I'm in an apartment complex and Wifi Analyzer shows that channels 1, 6 & 11 are pretty much used equally. But, I changed the router to 6, just to see what happens and it connected immediately. I also disconnected and re-connected 3 or 4 times without issue. Then I tried rebooting 3 times and again, my wifi connected.

However, there were two things that I noticed on Ch 6. One: On each reboot, my TP would freeze for about 15-20 sec on the reboot screen and then it would reboot normally. On Ch 4, the reboots are smooth and quick. Two: On an initial powerup or reboot, my wifi icon would take a bit longer to come up, with Ch 4 it's up almost immediately. Also, my connection seemed very snappy with either 4 or 6.

So, although I could certainly leave it on 6, it's really working great for me on 4. If it ain't broke.....................









Mike T


----------



## nevertells (Oct 29, 2011)

@webdroidmt,

Hope others will play around with this a little so there is more info/input to help make an informed decision about what channel one should use. I want to get clarification on one thing you said, to quote:

"One: On each reboot, my TP would freeze for about 15-20 sec on the reboot screen and then it would reboot normally."
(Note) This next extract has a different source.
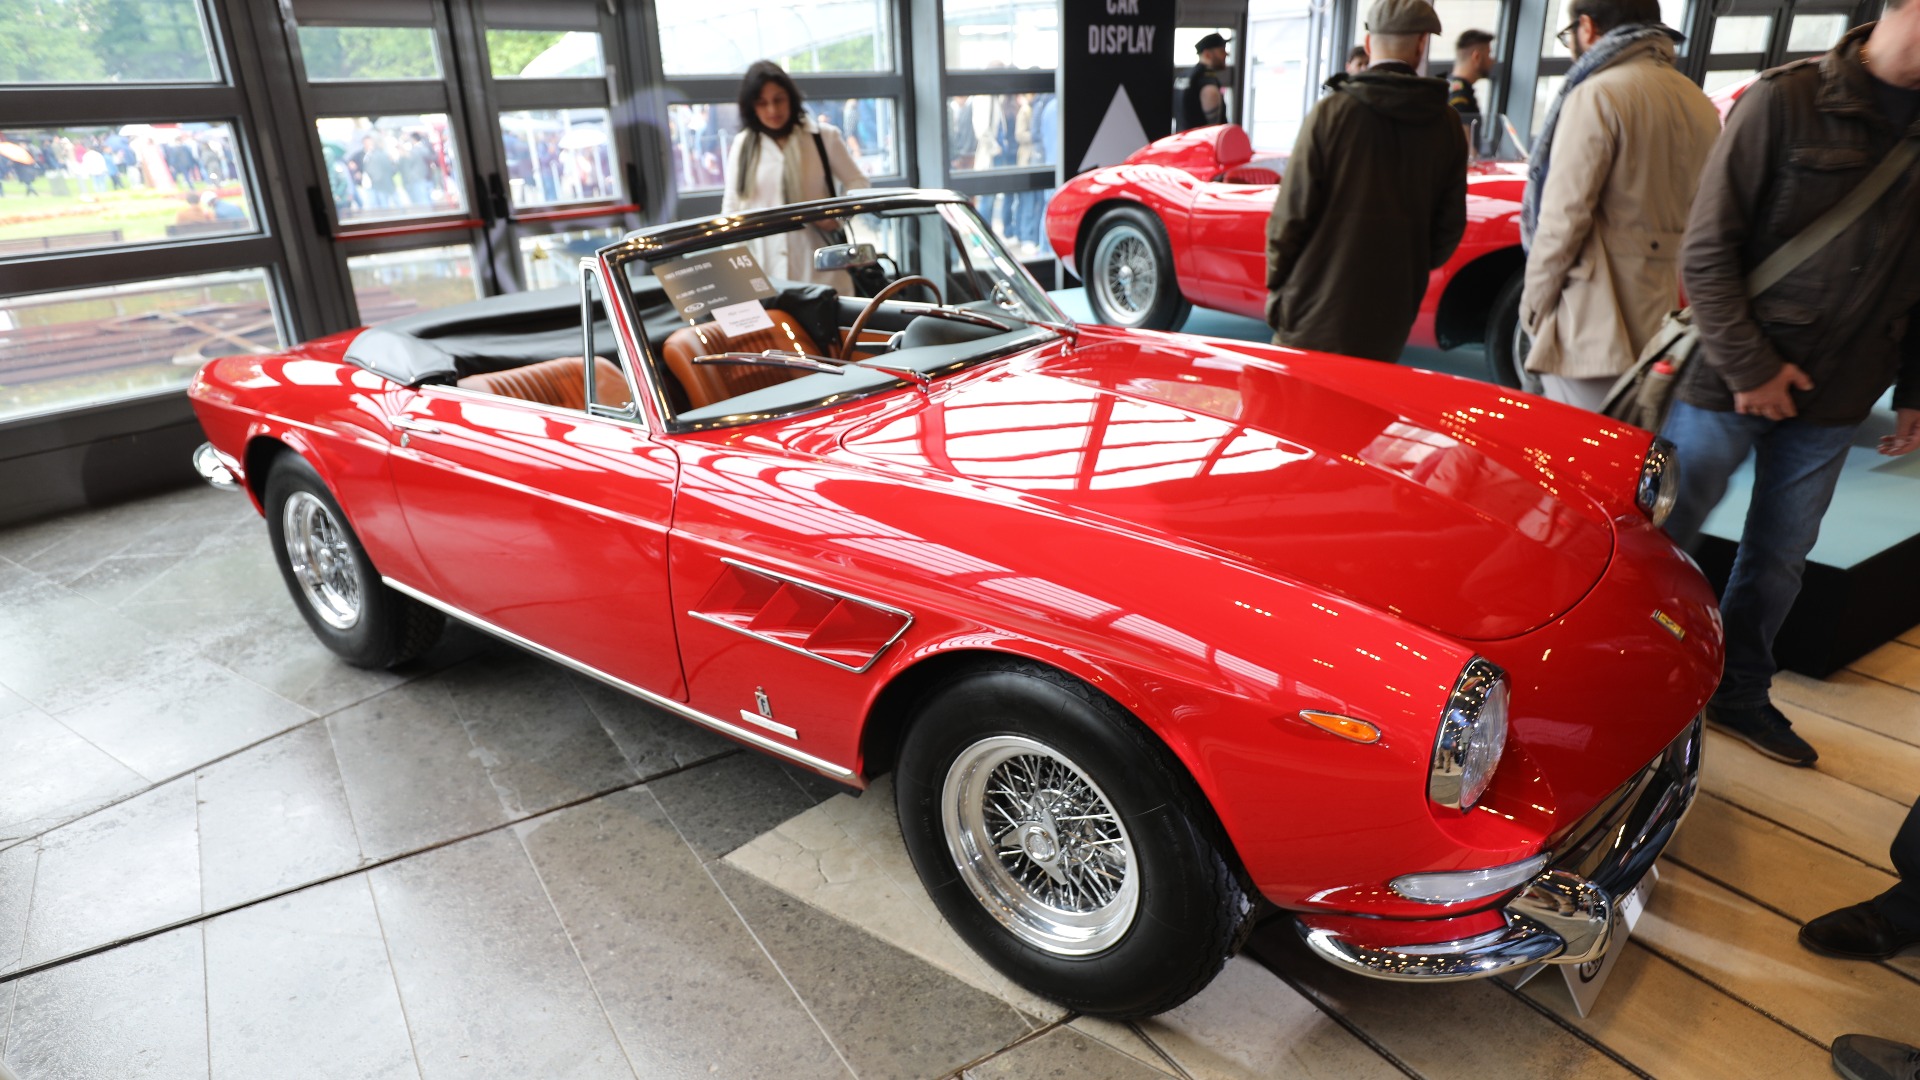 1965 Ferrari 275 GTS - 16 187 038 kr

Are you saying that at the Android with the spinning circle around him is where this happens? And are you saying that you get to that point and your TP reboots and then boots up normally?

Thanks for the input! NT


----------



## webdroidmt (Nov 26, 2011)

nevertells said:


> @webdroidmt,
> 
> Hope others will play around with this a little so there is more info/input to help make an informed decision about what channel one should use. I want to get clarification on one thing you said, to quote:
> 
> ...


No. It happens when you long press the power button from the desktop to either reboot, reboot into recovery or reboot to Webos. When you choose "reboot", the screen freezes up for approx 15-20 secs then eventually goes through a proper reboot cycle. Hope that makes sense.

Mike T


----------



## nevertells (Oct 29, 2011)

webdroidmt said:


> No. It happens when you long press the power button from the desktop to either reboot, reboot into recovery or reboot to Webos. When you choose "reboot", the screen freezes up for approx 15-20 secs then eventually goes through a proper reboot cycle. Hope that makes sense.
> 
> Mike T


Mine has done the same thing from day one. Matter of fact, I have a 16 and 32 and they both do the same thing. Try using turn off instead of reboot. It should shut off very quickly. Then I press and hold the power button and hit the center/home button to bypass the countdown. I am back up and running twice as fast as waiting for the reboot sequence to work.


----------